Жанр: Критика, Искусство
Возрастные ограничения: +12
сообщить о неприемлемом содержимом
Текущая страница: 4 (всего у книги 7 страниц)
Но определенность в данном случае не имеет решительно никакого значения. Совсем не важны точные очертания тех мыслей, дум * и чувств, которые волнуют писателя, важно только, чтобы он горел и волновался и чтобы это волнение направляло его душевную жизнь в одну определенную сторону. Душа писателя-творца есть горнило, в котором в моменты рождения великих произведений плавится благородный металл таланта и горит святой огонь вдохновения. Только наличность и порода плавящегося металла и имеет значение, а уже ту или другую вполне определенную форму драгоценная масса непременно примет. И сейчас приведенный рассказ Гоголя о том, что происходило в его душе в годы создания «Ревизора», прежде всего важен тем, что от него пышет страшным внутренним огнем, что нас обдает тем жаром, в пылу которого выкована великая комедия. А затем мы ясно видим, что раздувало и поддерживало в душе Гоголя творческий огонь. Не. беззаботный смех, не зубоскальство, не желание забавить, а мысли «ужасающего величия» создали «веселую» комедию. То единственно-честное лицо среди плутов и пошляков «Ревизора», которое Гоголь впоследствии вводил в объяснение своей комедии – авторское отношение – не фраза, значит, потом придуманная. Пред нами реальный факт, «волнение» самого высокого свойства наполняло душу автора в течение всех двух лет, которых потребовало создание «Ревизора».
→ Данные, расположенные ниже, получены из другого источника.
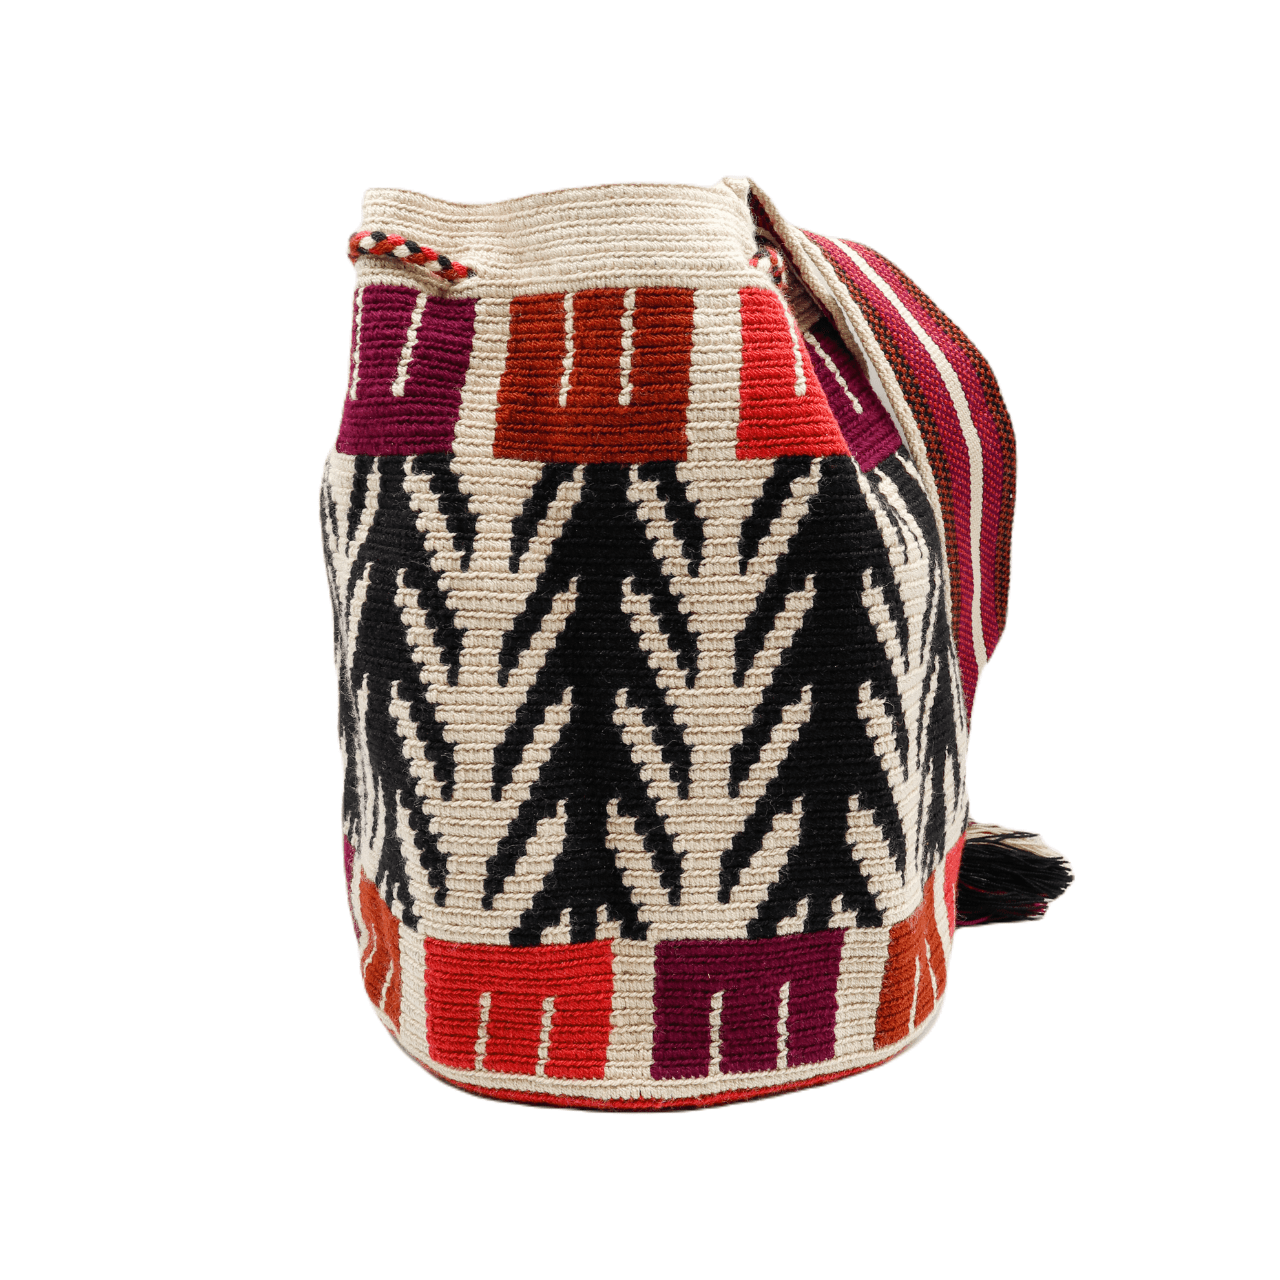 Sami Wayuu Bag in Beige, Black, Rust, and Wine Colors

И вот, с полною определенностью вырисовывается картина духовной жизни Гоголя в знаменательный период соединения в одно неразрывное целое его научной и художественной деятельности. Схема получается такая: в эпоху во всяком случае усиленных исторических занятий, в эпоху мечтаний создать «поэму» всеобщей истории, в годы, когда Гоголю, как он писал Погодину, казалось, что ему суждено «сделать кое-что необщее во всеобщей истории» (I, 275), он столь же усиленно работает над произведением, которое открывает собою гражданский период русской литературы. Есть-ли физическая возможность, чтобы не установилось взаимодействие, когда голова и душа работали одновременно и над историей и над комедией, когда утром или вечером писалась или обдумывалась лекция, а вечером или утром писалась или обдумывалась сцена из «Ревизора». рассказывая Погодину в начале 1883 года о тех крайне-знаменательных (мы еще дальше к ним вернемся) причинах, в силу которых у него не двигалась так и оставшаяся неоконченною злейшая по замыслу комедия «Владимир 3-ьей степени», Гоголь пишет:
«Итак, за комедию не могу приняться, а примусь за историю – передо мною движется сцена, шумит апплодисмент, рожи высовываются из лож, из райка, из кресел и оскаливают зубы, и – история к черту» (I, 245).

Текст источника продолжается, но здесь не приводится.